Beyoncé and the creative team behind “Apesh*t” clearly grasped the power imbalance between Benoist and Madeleine. They understood that although the painting was produced to transmit ideas of liberty in France, Madeleine became an instrument of a political agenda and not an esteemed sitter. Visual examination of Madeleine’s portrait reveals belittling tropes commonly associated with Black women. Nonetheless, Beyoncé—a monumentally successful Black female artist—uses her talent to subvert these messages and present Madeleine in a way that Benoist never could: as an active agent of her own portrait.


1 Alicia Caticha, “The Haitian Revolution: Art, Race, and Slavery”, (presentation, art history 350,  Northwestern University, Evanston, Illinois, October 6, 2021).

2 Susan Waller, "Marie-Guillemine Benoist, Portrait of Madeleine," Smarthistory, September 26, 2018,  Accessed October 28, 2021, https://smarthistory.org/benoist-portrait/.  

3 Waller, "Marie-Guillemine Benoist, Portrait of Madeleine."

4 Caticha, “The Haitian Revolution: Art, Race, and Slavery.”

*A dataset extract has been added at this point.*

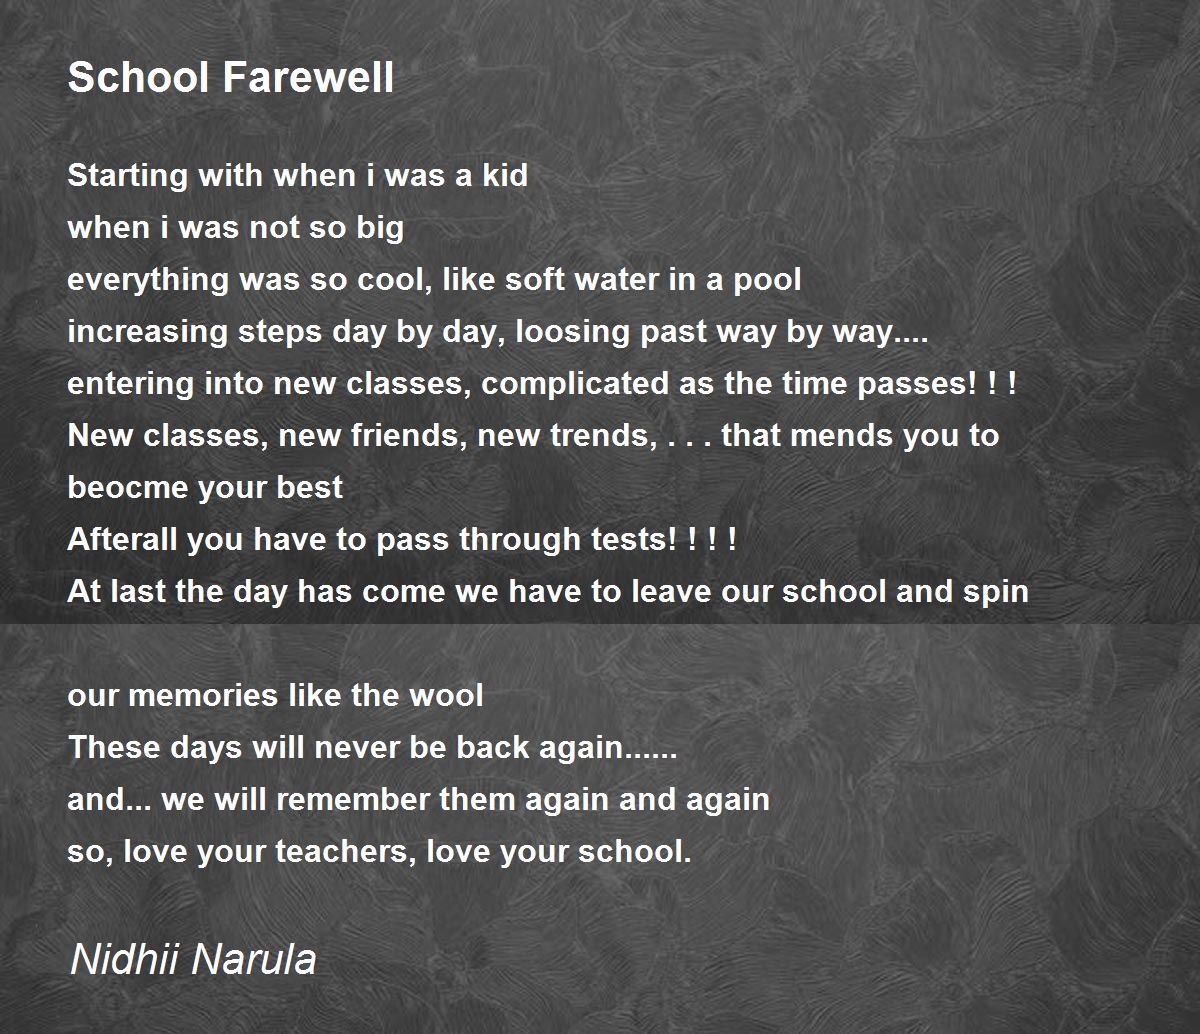 essay of school farewell

5 James Smalls, “Slavery is a Woman: "Race," Gender, and Visuality in Marie Benoist's Portrait d'une  négresse (1800),” Nineteenth Century Art Worldwide, http://www.19thc-artworldwide.org/spring04/286-slavery-is a-woman-race-gender-and-visuality-in-marie-benoists-portrait-dune-negresse-1800.

6 Smalls, “Slavery is a Woman: "Race," Gender, and Visuality in Marie Benoist's Portrait d'une négresse  (1800).” 

7  Smalls, “Slavery is a Woman: "Race," Gender, and Visuality in Marie Benoist's Portrait d'une négresse (1800).”

8 Smalls, “Slavery is a Woman: "Race," Gender, and Visuality in Marie Benoist's Portrait d'une négresse  (1800).”